When you write to a memory cell, will you always read back the same value? The vast majority of the time the answer is yes. For an individual using a personal computer the odds and consequences of failure are small enough to be irrelevant. But in some systems it can be a regular concern.
- Data centers and supercomputers. Odds of a memory errors rise with the number of chips.
- Financial systems, safety systems, and simulations of chaotic systems (weather forecasting) are averse to even a small chance of a mistake.

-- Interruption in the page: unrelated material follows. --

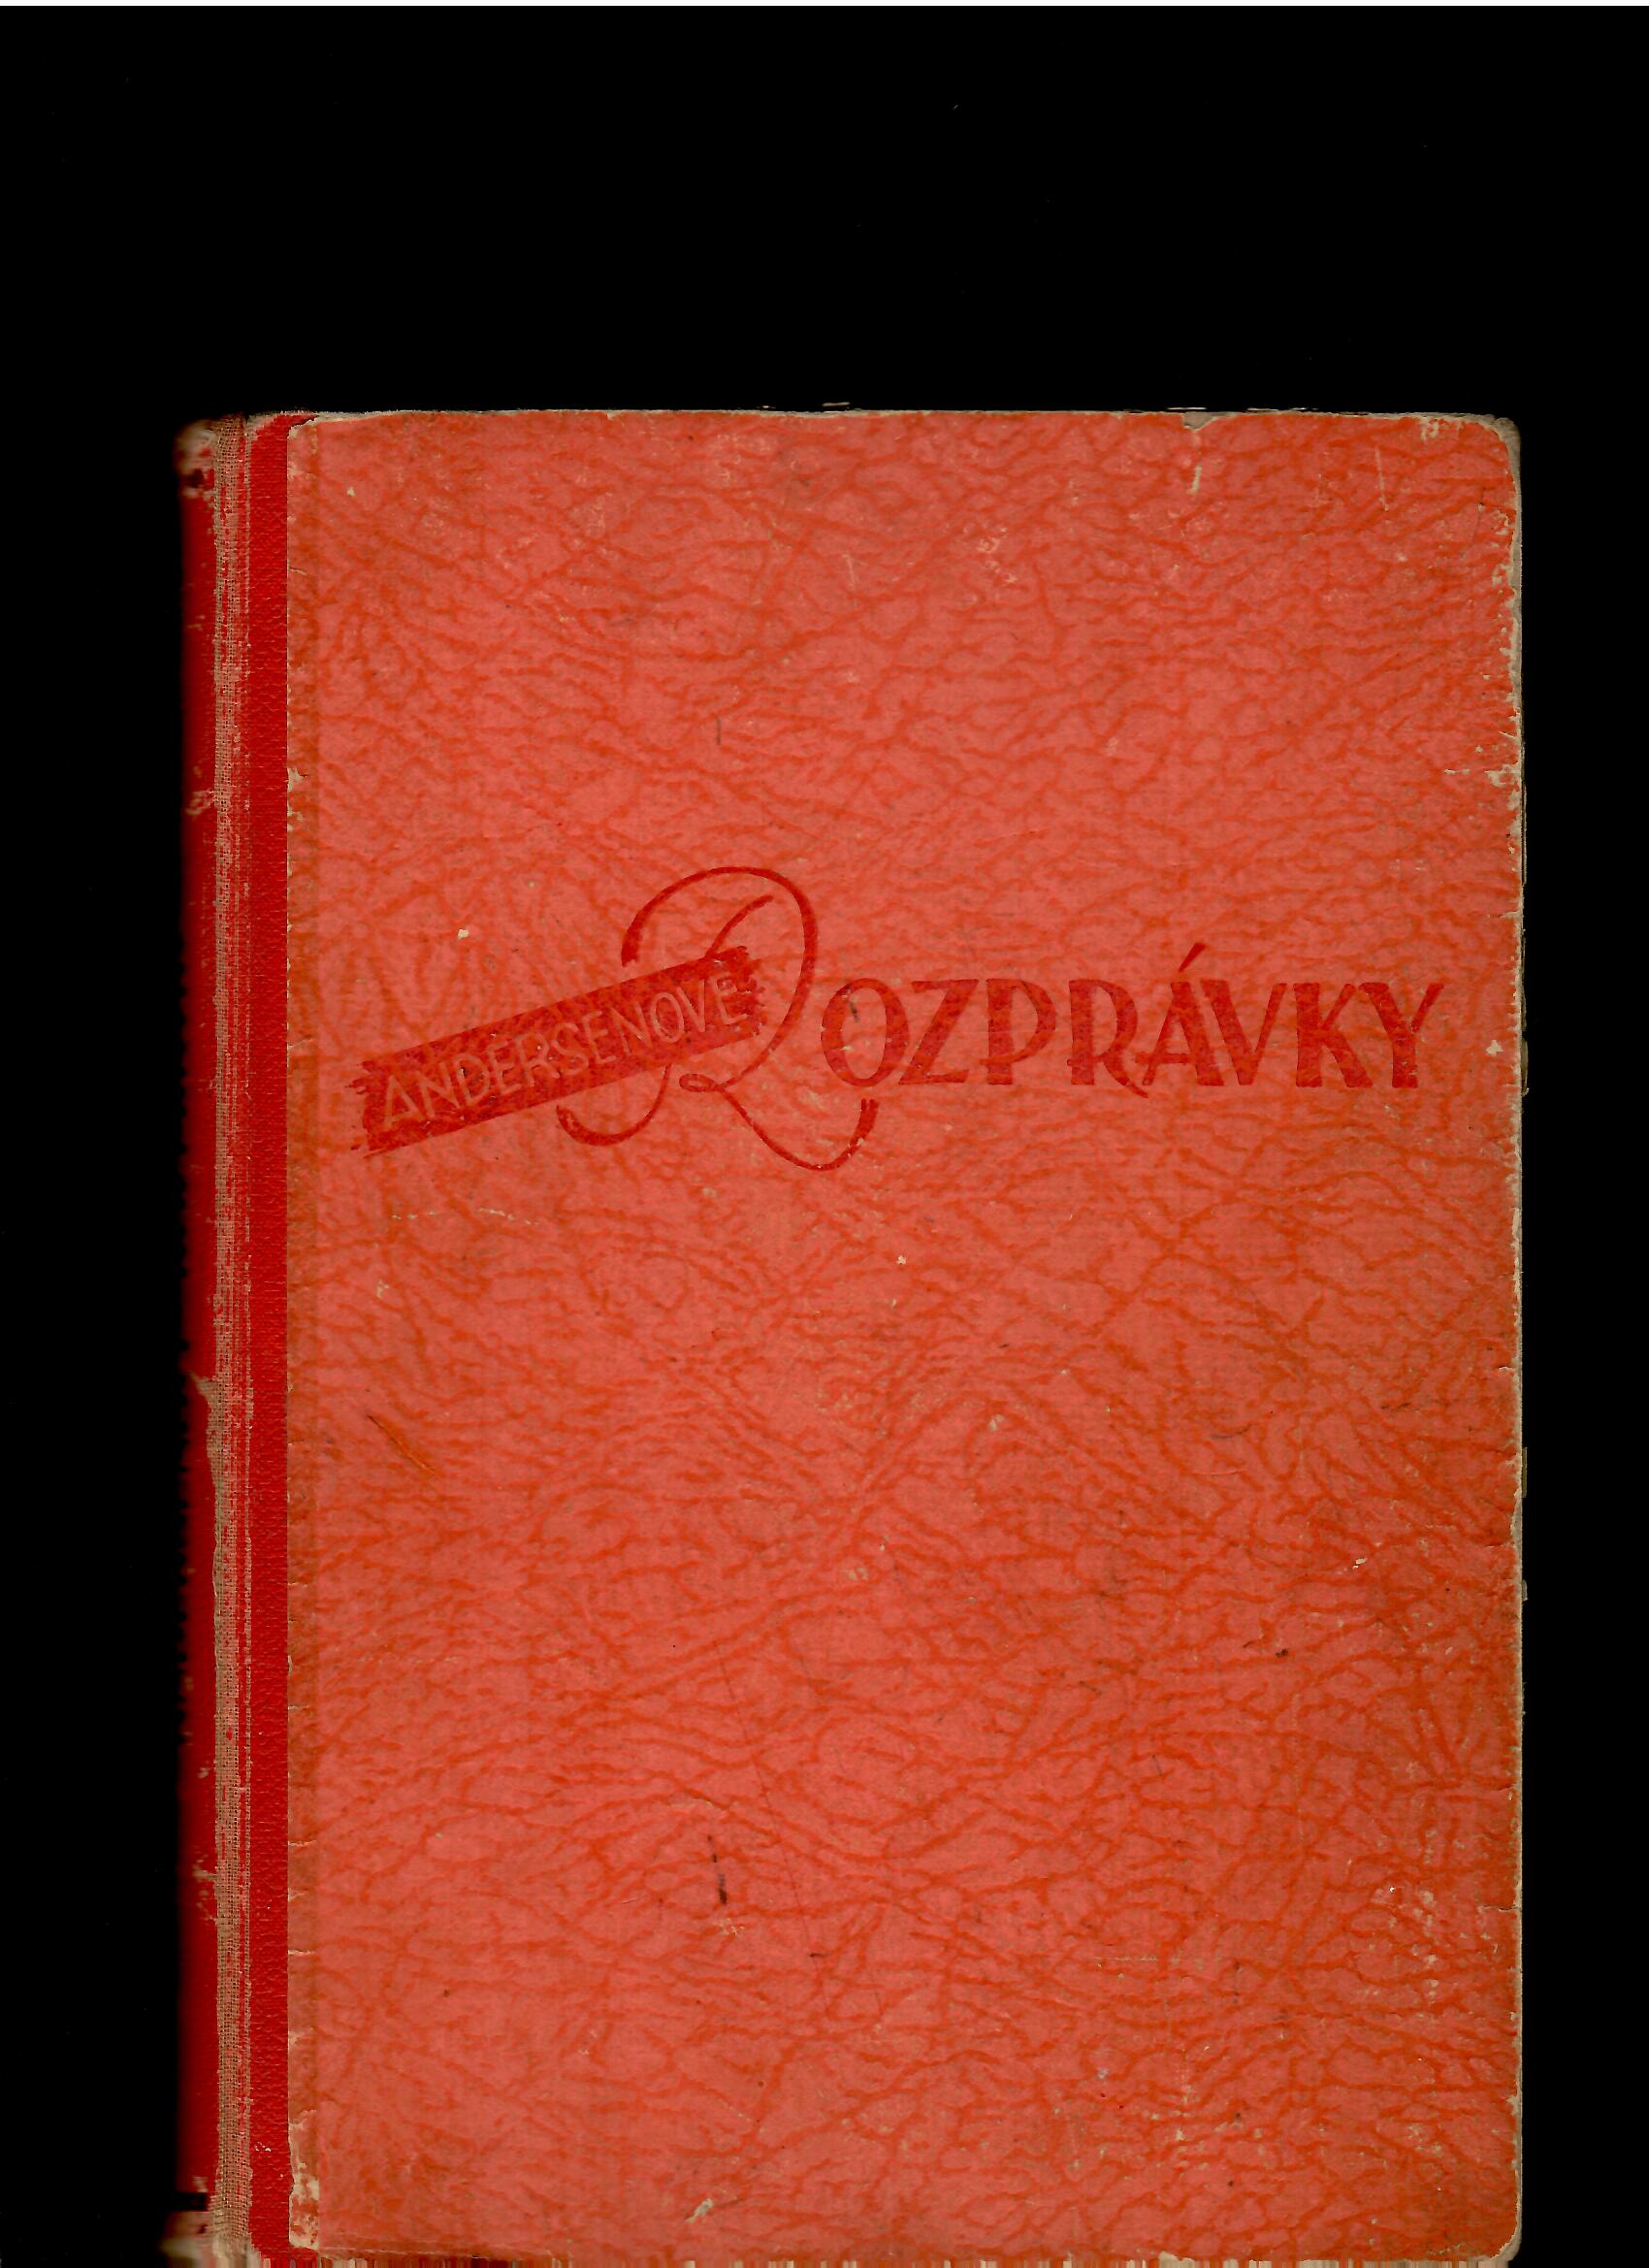 Štefan Koperdan (ed.): Andersenove rozprávky /1945, il. Vincent Hložník/

- Systems at higher altitude, in aircraft, and especially those in orbit and beyond receive more ionizing radiation, increasing the odds of memory errors.
- Systems with a large quantity of small devices. This category is becoming more prevalent with the Internet of Things. A single device may never have a memory error, but if you deploy thousands the system as a whole will begin to encounter them.
Causes and Categories of Memory Errors
Memory errors can be categorized into:
- Soft Errors: do not cause lasting damage to the circuit. The error could be corrected by rewriting the proper value.
- Hard Errors: physically alter the state of the circuit such that damage or permanent failure may occur. At a minimum a power cycle is needed to clear the error.
Causes of memory errors, both hard and soft include:
- Radiation with enough energy to liberate electrons (ionizing radiation):
- Cosmic rays from distant galaxies. Seriously.
- Natural sources such as isotopes of uranium, potassium, and thorium. Natural radionuclides may be present as impurities in materials that are used in circuits or their packaging.
- Man made sources such as nuclear power, some medical devices, and other industrial users of radiation.
- Interference or crosstalk along communication pathways between circuits, potentially requiring less energy than ionizing radiation to cause a problem.
- Intentional attacks on a device such as Row Hammer, in which repeated access of memory can cause adjacent memory to be altered.
- Other physical or material defects in the circuit.
The space industry is primarily concerned with high energy particles and uses the following terminology:
- Single Event Effects (SEE): all memory errors caused by high energy particles
- Single Event Upset (SEU): soft errors
- Single Event Latchup (SEL), Single Event Gate Rupture (SEGR), Single Event Burnout (SEB): types of hard errors
Colloquially, a “bit flip” is used to describe all types of memory errors.
Solutions
Many ground based systems are best protected by the use of Error-correcting Code (ECC) memory. Extra bits of memory are used to store error detection/correction data. How much protection varies with the hardware, but typically any single bit flip can be detected and fixed with no interruption to software. Both AWS and Azure use ECC memory.
Systems that are highly safety critical and/or exposed to higher doses of ionizing radiation use redundancy and/or radiation hardening. The Space Shuttle had four computers in active use with one more as an independent backup. Commands to an actuator from a faulty computer were outvoted by the others.
Insufficient Solutions
Watchdogs
Watchdogs can be used to reboot a system in the event a memory error causes a crash. But data and program instructions can be corrupted in ways that lead to bad outputs with no crash.
Watchdogs are very useful, but are not a complete solution for memory errors.
Software Checksums
It is common to use checksums to verify that data has been transmitted correctly between systems. Radio communications especially are vulnerable to transmission errors from interference. Are application layer checksums a viable solution to protect against memory errors?
They may help, but fundamentally the answer is no. An error can occur in the memory containing your program’s code, not just in its data.
I once had a log file tell me that the DateTime
type has no attribute Now
(.NET code). No reflection, nothing dynamic in play, only happened one time across thousands of machines. Something under the hood was corrupted. And you thought you were safe from bad pointers in C#.
Finally, if there is any significant time between when you compute a checksum and when you last use that data, a bit flip can happen in between. I encountered a system that had a user workflow between checksum validation and later use of a variable (seconds to minutes). The checksum validation logic passed but later code crashed, with the data dump showing the checksum to be wrong. It was explainable by the flip of a single bit.
Checksums will not save you from the cosmos.